Горе, причиненное мне охлаждением г-жи д’Удето, и уверенность в том, что я его не заслужил, привели меня к странному решению пожаловаться на нее самому Сен-Ламберу. В ожидании ответа на мое письмо к нему я накинулся на развлечения, которых мне следовало бы искать раньше. В Шевретте стали устраивать празднества; я писал для них музыку. Желание блеснуть перед г-жой д’Удето ее любимым талантом возбуждало мое вдохновение; его оживляла и другая причина: стремление показать, что автор «Деревенского колдуна» знает музыку; я давно замечал, что кто-то втайне старается сделать это сомнительным, по крайней мере в отношении композиции. Мой дебют в Париже, испытания, которым я там неоднократно подвергался в доме г-на Дюпена и у г-жи де ла Поплиньер, вся музыка, сочиненная мною там за четырнадцать лет, среди самых знаменитых артистов и у них на глазах, наконец, опера «Галантные музы», даже «Колдун», а также мотет, написанный мною для мадемуазель Фель и спетый ею в Духовном концерте{357}, мои частые беседы об этом прекрасном искусстве с величайшими мастерами – все, казалось, должно было помешать возникновению подобного сомнения или рассеять его. Тем не менее оно существовало даже в Шевретте, и я увидел, что и г-н д’Эпине не свободен от него. Притворяясь, будто не замечаю этого, я взялся сочинить мотет по случаю освящения часовни в Шевретте и просил г-на д’Эпине снабдить меня текстом по своему выбору. Он поручил де Линану, гувернеру своего сына, составить текст. Де Линан подобрал слова, подходящие к сюжету, и через неделю, после того как мне их дали, мотет был закончен. На этот раз досада была моим Аполлоном, и никогда еще такая звучная музыка не выходила из-под моего пера. Слова начинаются так: Ессе sedes hic Tonantis[45]. Торжественность вступления соответствует словам[46], и во всем мотете красота напева такова, что поразила всех. Я писал для полного оркестра. Г-н д’Эпине собрал лучших оркестрантов. Г-жа Бруна, итальянская певица, пела мотет, и под хороший аккомпанемент.

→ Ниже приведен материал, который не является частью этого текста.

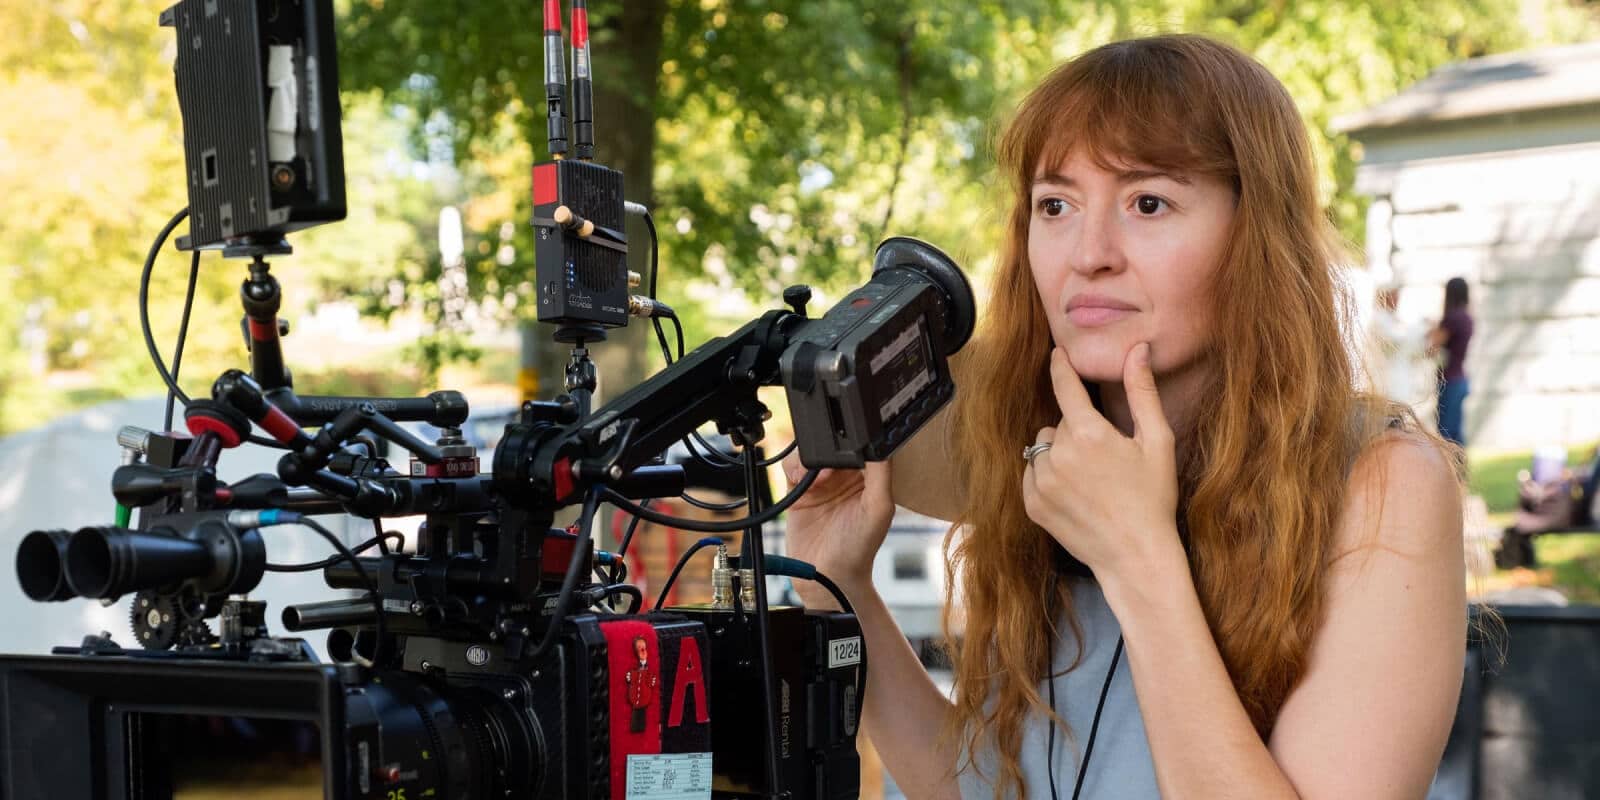 The Best Female Film Directors Working Today

Мотет имел такой успех, что его потом давали в Духовном концерте и, несмотря на тайные козни и негодное исполненье, он два раза вызвал аплодисменты. Для празднования именин г-на д’Эпине я подал мысль о постановке особого рода пьесы – полудрамы-полупантомимы; ее написала г-жа д’Эпине, а я сочинил музыку. Гримм, приехав, услыхал о моих успехах в гармонии. Через час о них уже не было речи; но по крайней мере – насколько мне известно – больше не поднимался вопрос о том, знаю ли я композицию.